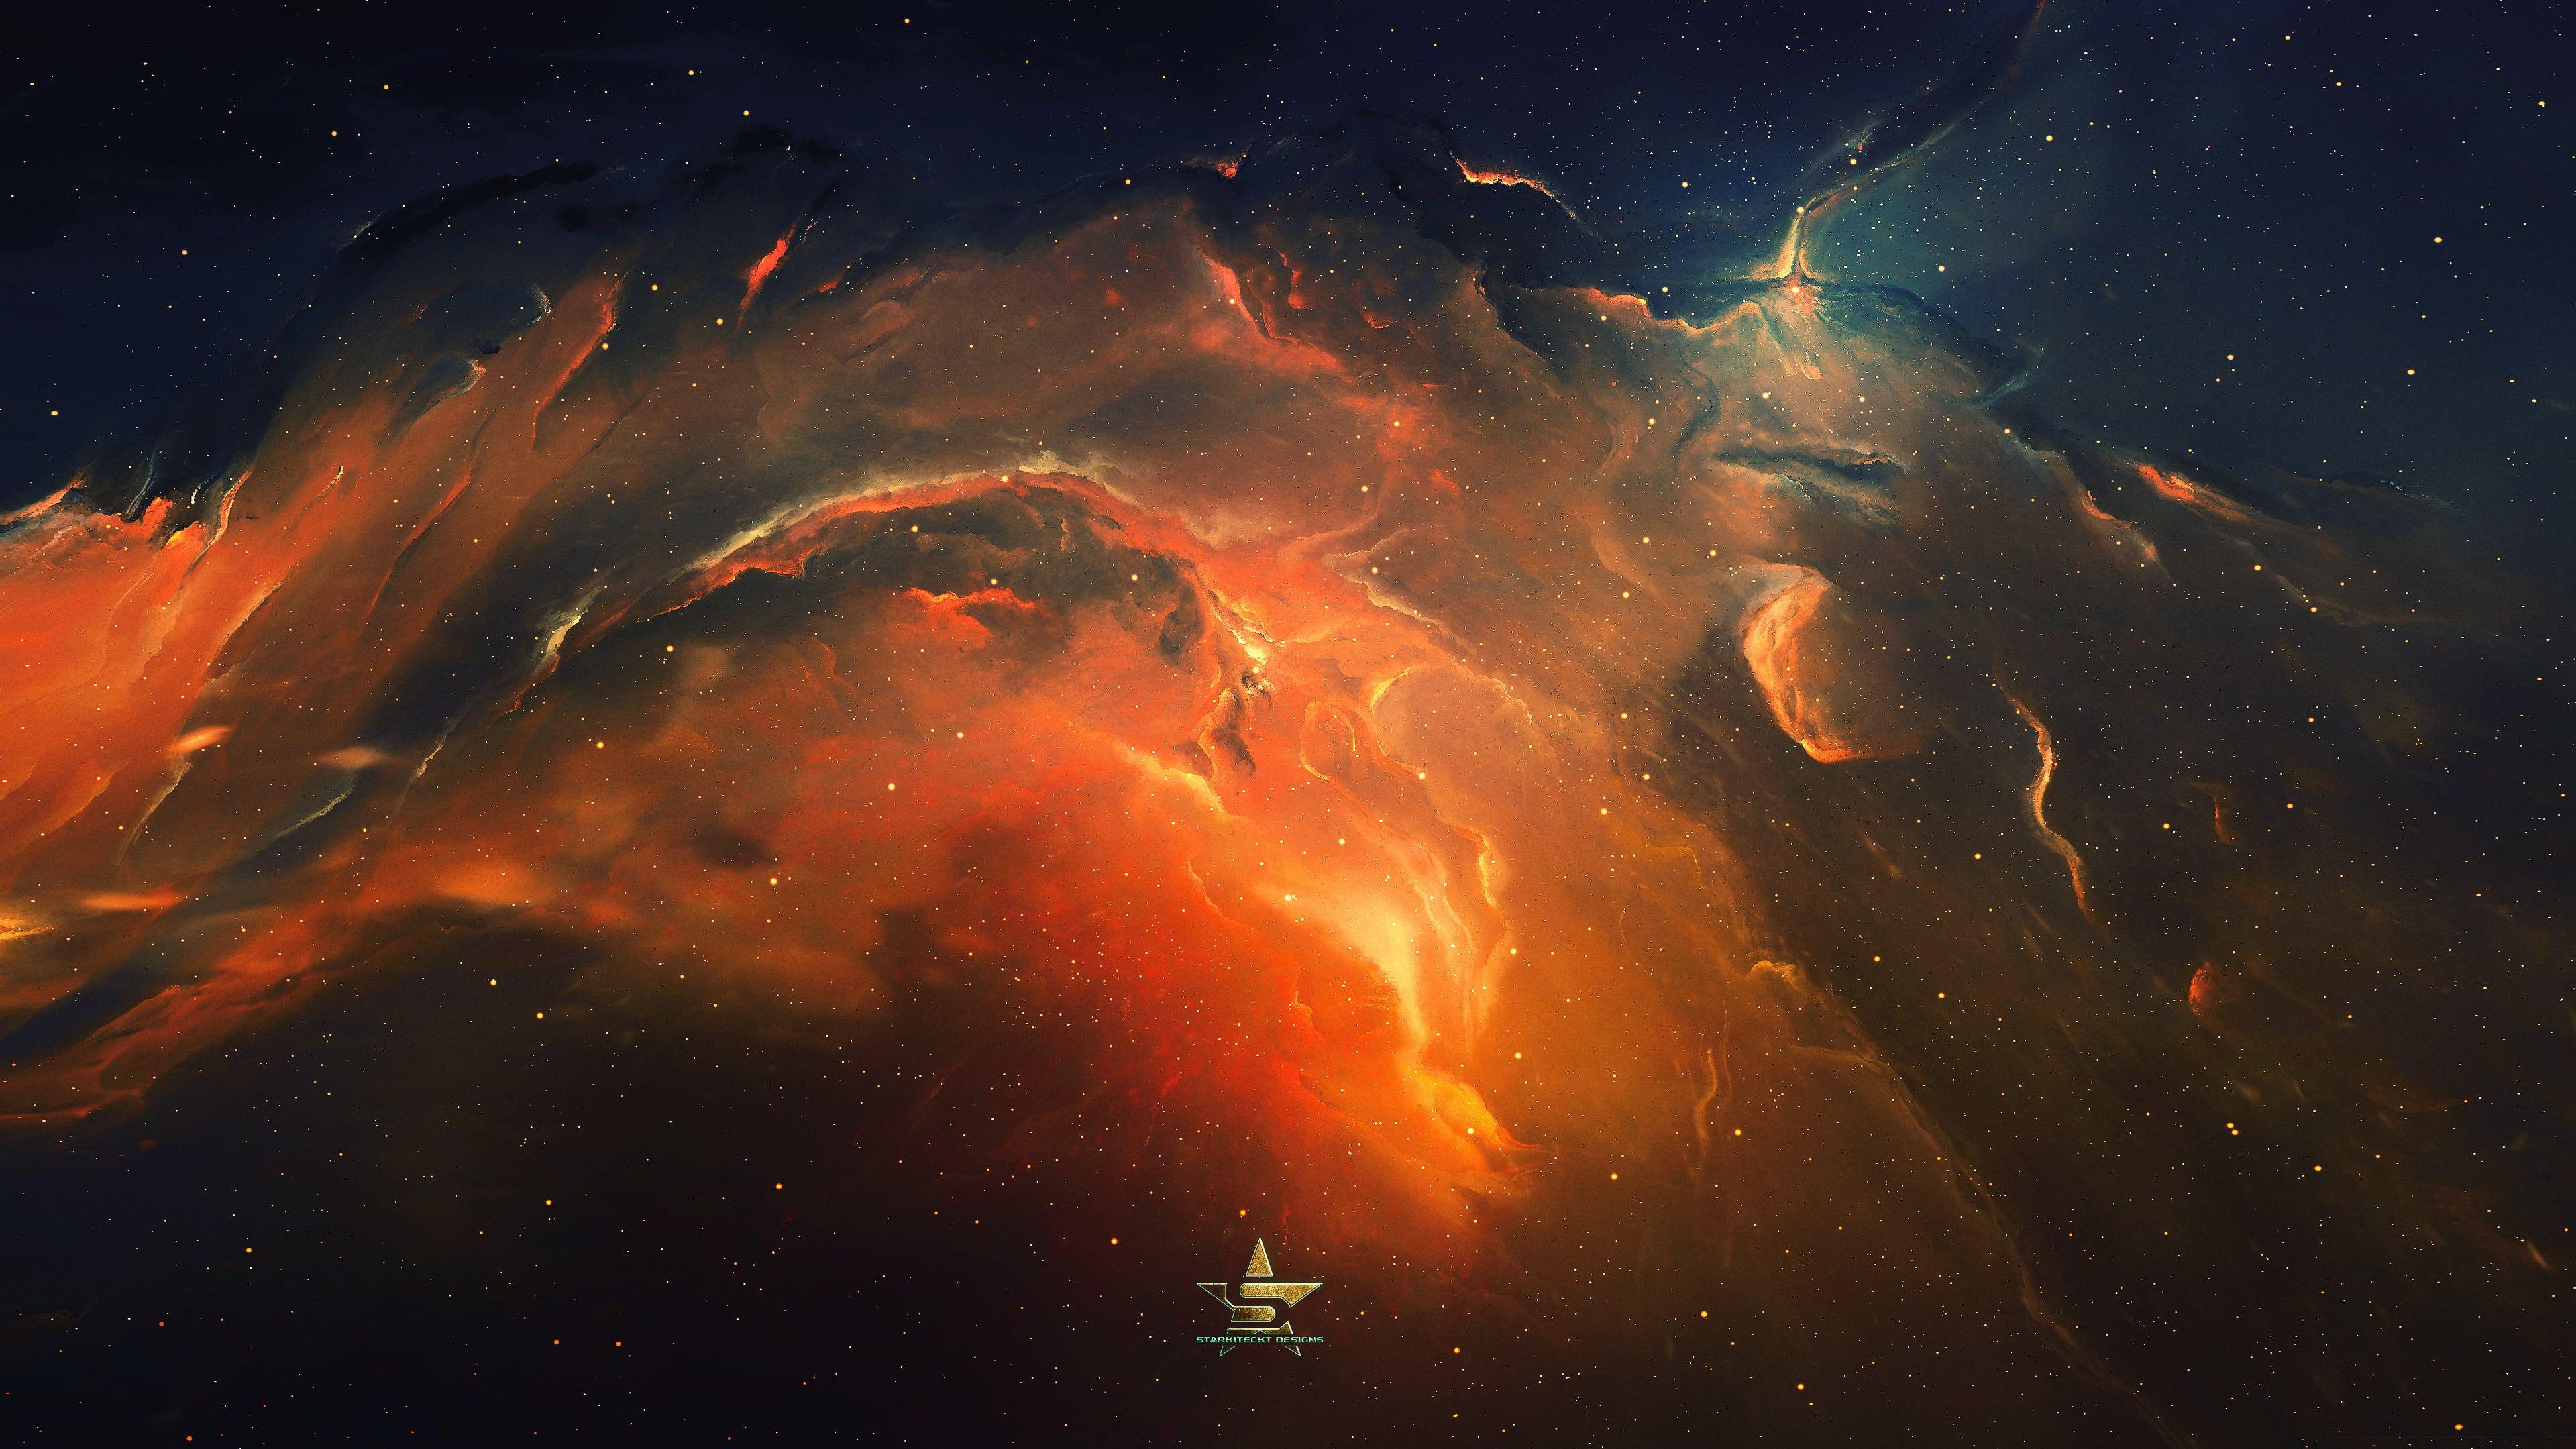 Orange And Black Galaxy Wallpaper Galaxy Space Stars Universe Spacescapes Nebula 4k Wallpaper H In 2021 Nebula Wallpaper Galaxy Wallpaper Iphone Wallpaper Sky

* * *

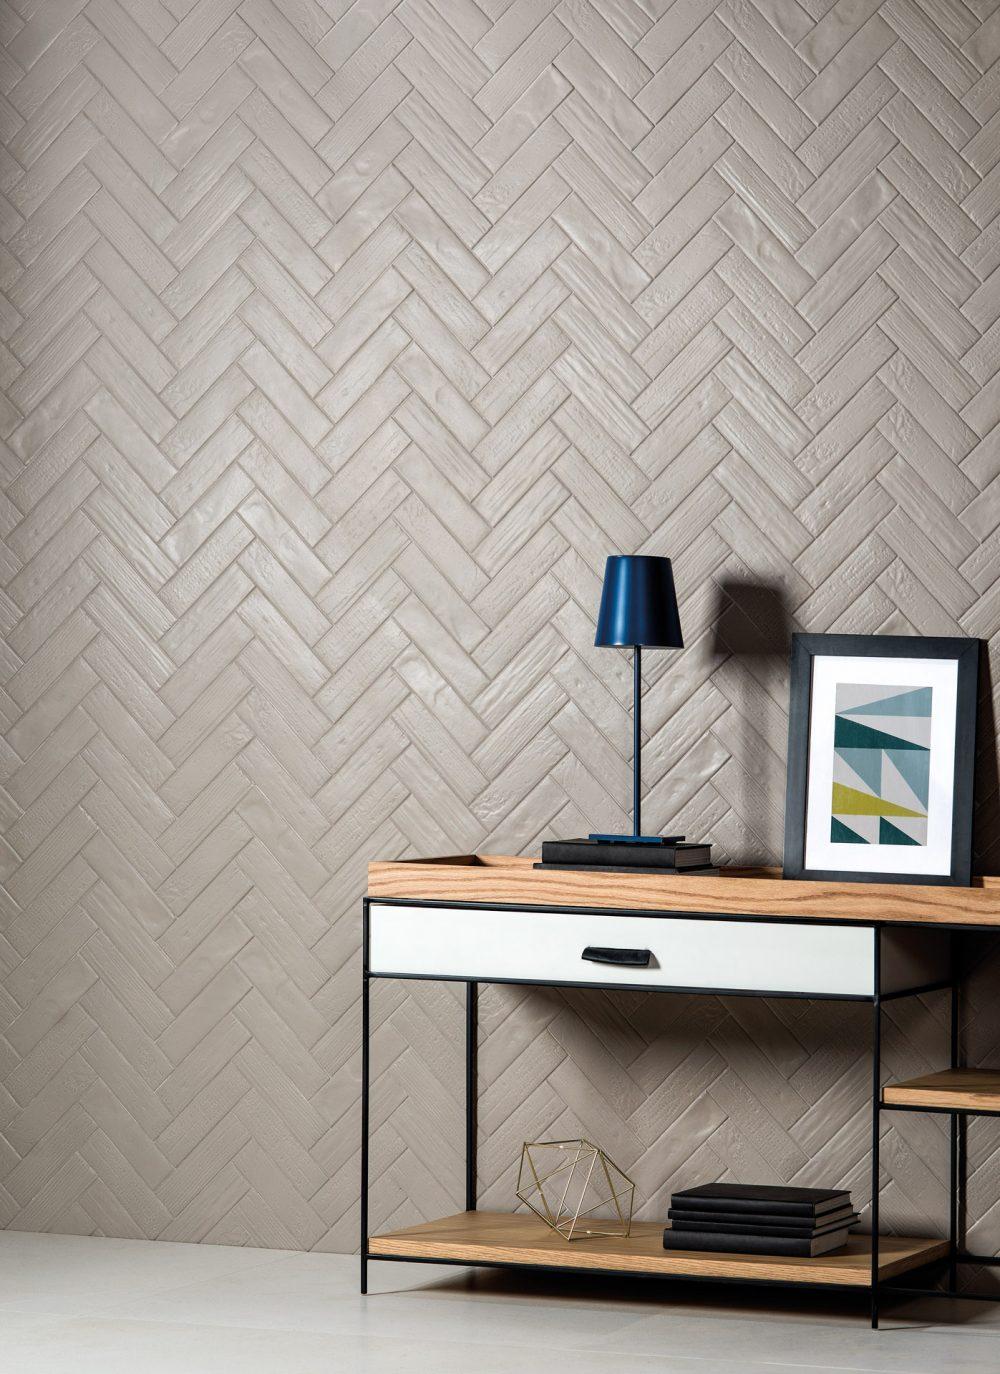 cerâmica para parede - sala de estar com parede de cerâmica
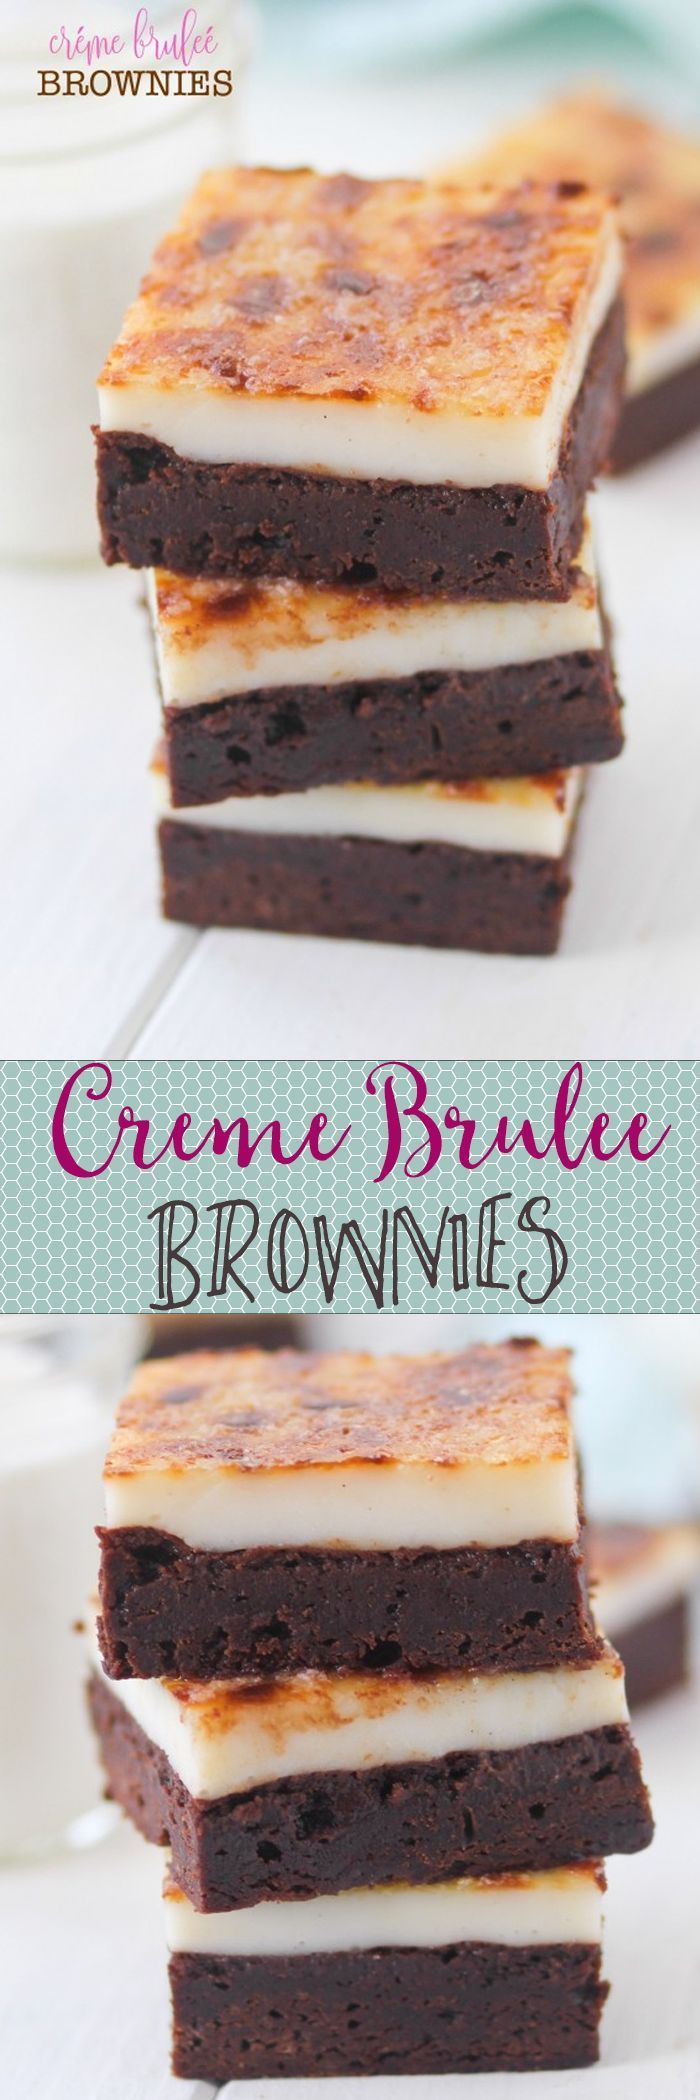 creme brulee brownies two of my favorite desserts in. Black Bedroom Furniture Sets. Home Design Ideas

==

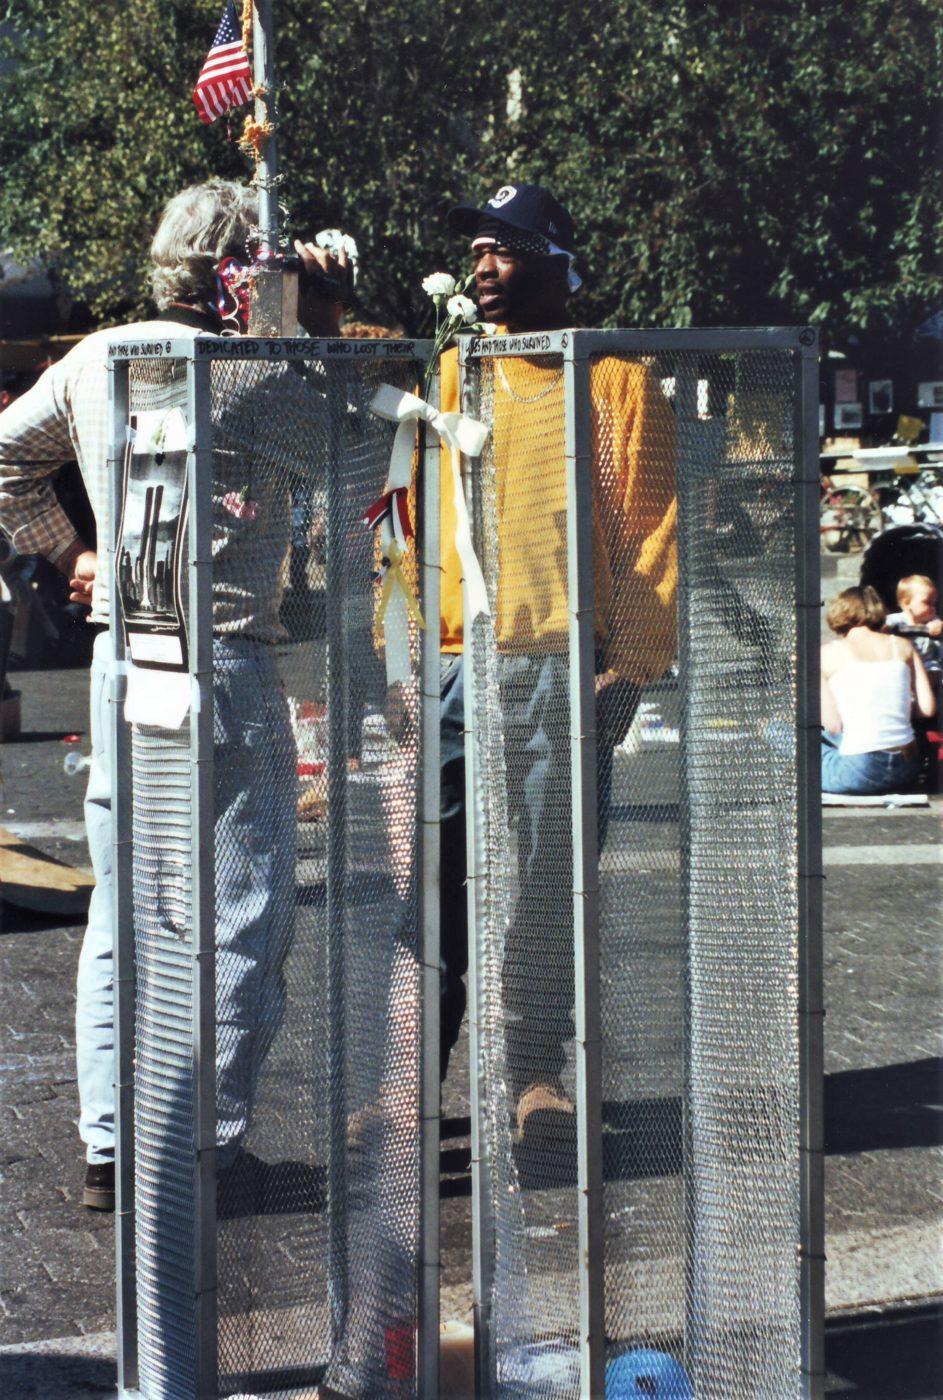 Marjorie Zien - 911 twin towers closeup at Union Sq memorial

> **Directions for this task**: A verbatim reproduction is expected: starting at the line above that has "cerâmica para parede", ending at the line that has "creme brulee brownies", both included, and with no pictures and no other lines.

> **Written answer**:
 cerâmica para parede - sala de estar com parede de cerâmica
 creme brulee brownies two of my favorite desserts in. Black Bedroom Furniture Sets. Home Design Ideas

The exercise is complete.